Where are the time dilatational effects of orbital motion and gravitational acceleration equal?

Question

Nearly four years ago, upon hearing of the observation of time dilation in two optical atomic clocks at an elevation one metre apart, due to acceleration towards earths centre of gravity by Chou, C. W.; Hume, D. B.; Rosenband, T.; Wineland, D. J. I wondered where the point would be, at which time dilation caused by acceleration toward the earth gives way to time dilation caused by acceleration around the earth, via orbital velocity. (I mean the point at which the two effects are at equilibrium with each other.)

I asked a friend who is a physicist, he got back to me almost immediately, fascinated by his back of an envelope calculations that this point is the Clarke orbit, or the geosynchronous orbit.

If for instance the rotation velocity of earth were a slightly different speed, the result would be different, and no relationship apparent. I think there may be a very interesting relationship waiting to be revealed.

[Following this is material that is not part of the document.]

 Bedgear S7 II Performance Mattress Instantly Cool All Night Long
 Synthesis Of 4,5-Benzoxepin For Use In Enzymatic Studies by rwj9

Is there a physical or mathematical relationship? And if so, what is it? Not being a mathematician (I'm an artist) I'm not capable of doing the math, but this has fascinated me ever since.

Answer 1

Let $\Delta_S$ and $\Delta_G$ be the time dilation effects due to General Relativity (gravity) and Special Relativity (motion) respectively (i.e. the clock rate on the satellite due to SR and GR is $1 - \Delta_S + \Delta_G$, signs chosen for simplicity). If these are small, they can be approximated as :

\begin{eqnarray} \Delta_S &=& 1 - \sqrt{1 - \frac{v^2}{c^2}} &\approx& \frac{v^2}{2c^2} \\ \Delta_G &=& \sqrt{1 - \frac{2GM}{R c^2}} - \sqrt{1 - \frac{2GM}{r c^2}} &\approx& \frac{G M}{R c^2} - \frac{G M}{r c^2} \end{eqnarray}

Where $v$ is the orbital velocity, $r$ the orbital radius, $R$ the radius of the earth, and $M$ its mass. Note that $\Delta_S$ and $\Delta_G$ act in opposite directions. Setting the 2 equal, and recalling that for a circular orbit we have $v^2 = \frac{GM}{r}$, we obtain :

\begin{eqnarray} \frac{G M}{R c^2} - \frac{G M}{r c^2} &=& \frac{GM}{2 r c^2} \\ r &=& \frac{3 R}{2} \end{eqnarray}

This is about $3,000$ km higher than the earth's surface, well below the $35,000$ km of geostationary orbits. By then, the GR effect largely dominates over the SR one.

tl;dr There is such an orbit but it is actually much lower than the Clarke orbits you suggested.